Permukiman tradisional ini dikenal sebagai salah satu kampung adat Batak Toba yang masih mempertahankan struktur ruang asli dan elemen budaya yang relatif utuh.
Di dalam kawasan ini terdapat berbagai peninggalan budaya penting, seperti:
- parik (pagar kampung),
- huta (permukiman adat),
- rumah adat (sopo),
- lesung batu,
- serta sarkofagus batu kuno.
Keberadaan elemen-elemen tersebut menjadikan Huta Simarmata sebagai saksi hidup peradaban Batak Toba pada masa lampau.
Sarkofagus Batu Berusia Ratusan Tahun
Salah satu daya tarik utama Huta Simarmata adalah keberadaan sarkofagus batu berukuran besar dengan pahatan figur manusia.
Pahatan tersebut menampilkan sosok manusia dalam posisi jongkok dengan ekspresi wajah khas, yang diyakini mencerminkan kepercayaan dan tradisi spiritual masyarakat Batak Toba pada zamannya.
“Di sini kita melihat sarkofagus berusia ratusan tahun dengan ukuran yang sangat besar, sesuatu yang jarang ditemukan. Ini menunjukkan betapa pentingnya kawasan ini dalam sejarah dan kebudayaan Batak,” kata Fadli Zon.
Menurutnya, temuan sarkofagus ini menjadi bukti kuat bahwa Huta Simarmata memiliki nilai arkeologis yang sangat signifikan.
Rumah Adat Tanpa Paku yang Masih Terawat
Selain sarkofagus, Huta Simarmata juga dikenal dengan keberadaan rumah-rumah adat kuno yang masih berdiri kokoh hingga kini.
Fadli Zon mengapresiasi kondisi bangunan tradisional tersebut yang dinilai tetap terjaga dengan baik meski telah berusia sangat tua.

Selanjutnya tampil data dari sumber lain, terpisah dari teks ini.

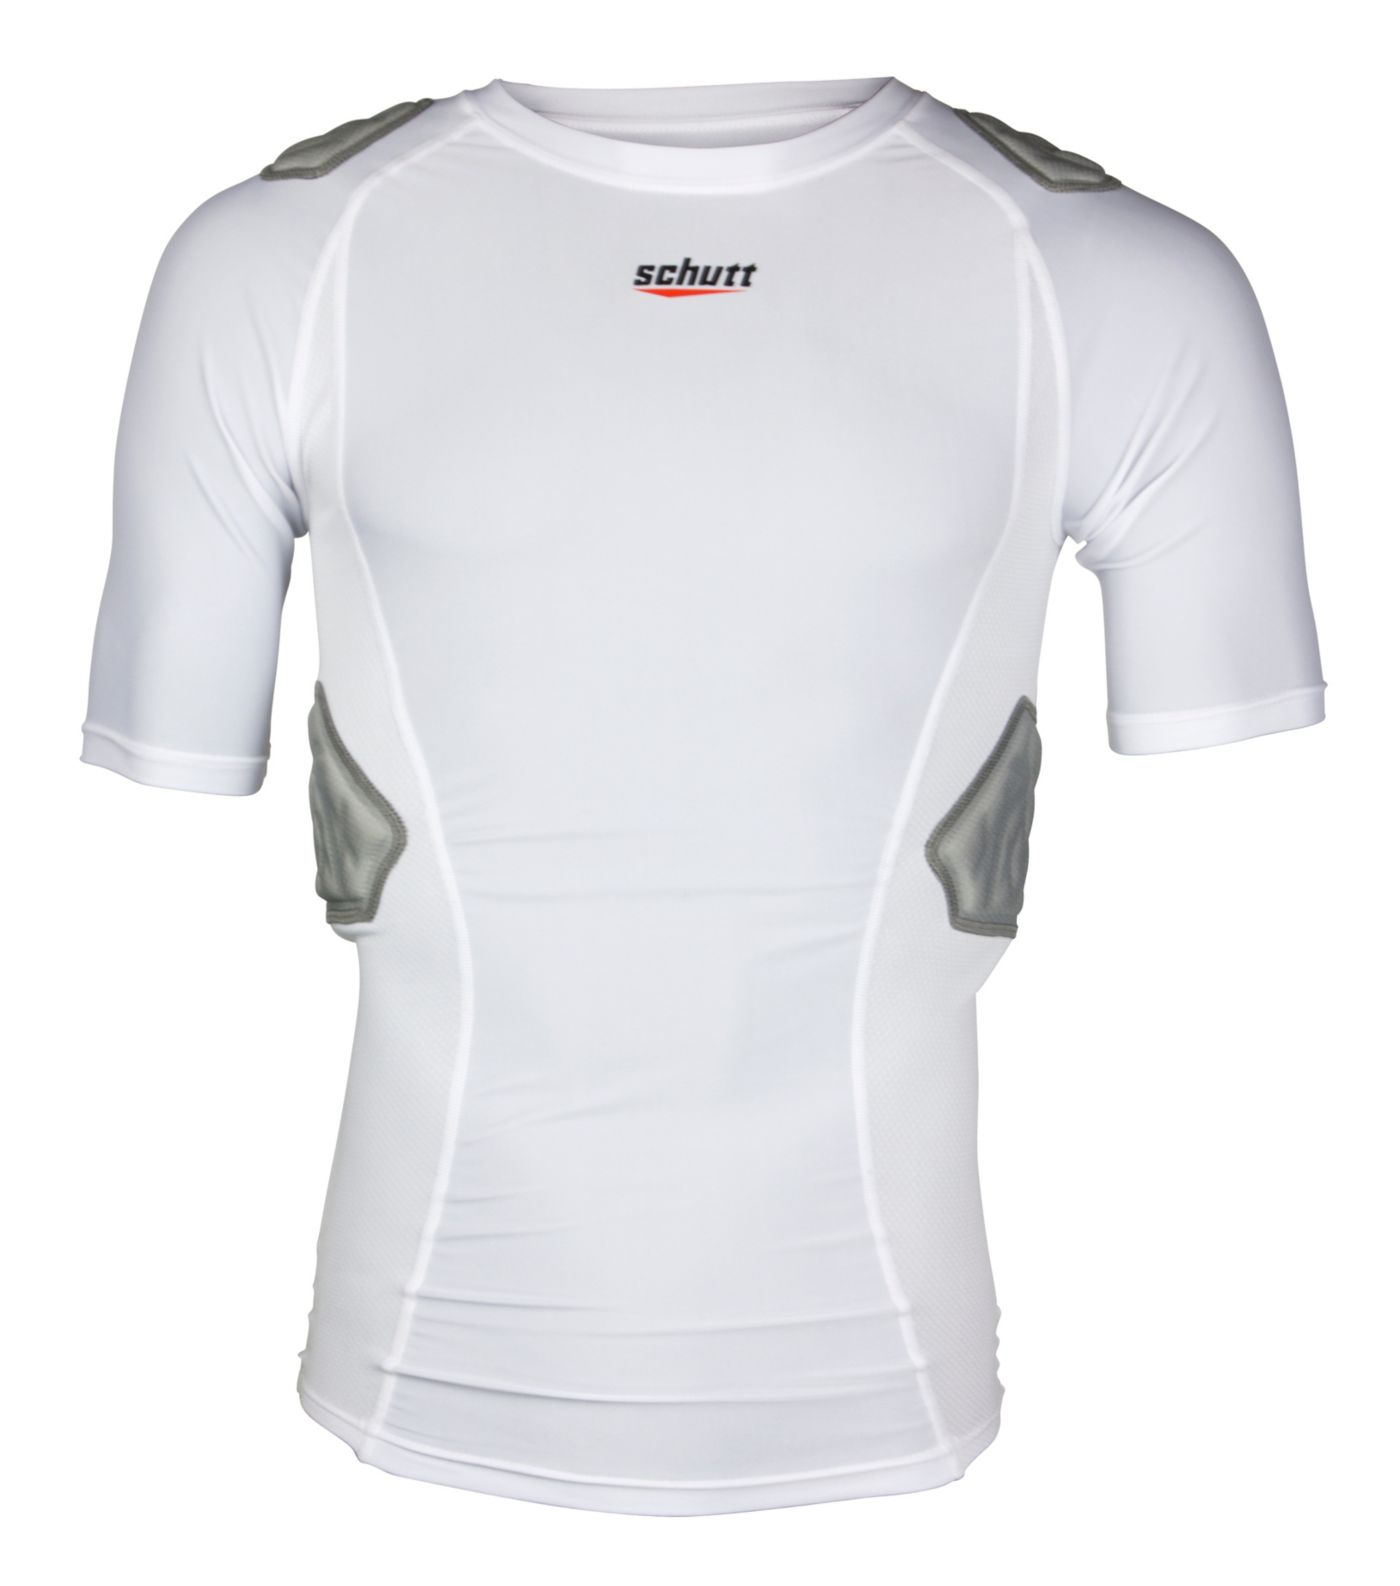 Schutt Adult Integrated Padded Shirt

“Di kampung ini masih terdapat sekitar sepuluh rumah adat, bahkan ada yang berusia lebih dari 300 tahun. Teknik pembangunannya menunjukkan pengetahuan arsitektur tradisional yang sangat maju dan patut dilestarikan,” ujarnya.
Menariknya, rumah-rumah adat itu dibangun menggunakan teknik konstruksi tradisional tanpa menggunakan paku, melainkan memanfaatkan sistem sambungan kayu yang presisi.

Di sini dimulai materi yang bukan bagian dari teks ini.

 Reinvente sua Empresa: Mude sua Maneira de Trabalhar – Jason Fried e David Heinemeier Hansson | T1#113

Hal ini menunjukkan tingginya kemampuan arsitektur leluhur masyarakat Batak Toba.
Bukti Kehidupan Komunal Masyarakat Batak
Tak hanya bangunan rumah adat, di kawasan Huta Simarmata juga ditemukan lesung batu yang dahulu digunakan sebagai alat menumbuk padi.
Keberadaan lesung batu tersebut menjadi bukti bahwa masyarakat di kawasan ini hidup dalam sistem komunal dengan tradisi agraris yang telah berlangsung turun-temurun.
Menurut Fadli Zon, seluruh elemen budaya yang ada di Huta Simarmata mencerminkan pola kehidupan masyarakat Batak Toba yang kaya nilai sejarah.
Potensi Destinasi Wisata Budaya
Menteri Kebudayaan menilai Huta Simarmata tidak hanya penting dari sisi pelestarian sejarah, tetapi juga memiliki potensi besar sebagai destinasi wisata budaya unggulan.
“Datang ke sini bukan hanya menikmati pemandangan yang indah, tetapi juga belajar sejarah, adat, dan cara hidup masyarakat Batak. Ini kekayaan budaya yang harus terus kita jaga,” katanya.
Dia menegaskan, Kementerian Kebudayaan berkomitmen untuk memperkuat upaya perlindungan, pemeliharaan, serta pemanfaatan kawasan cagar budaya sebagai pusat edukasi dan pengembangan kebudayaan nasional.
Ke depan, apabila status Huta Simarmata resmi ditingkatkan menjadi cagar budaya nasional, kawasan ini diharapkan dapat memperoleh dukungan pelestarian yang lebih besar dari pemerintah pusat.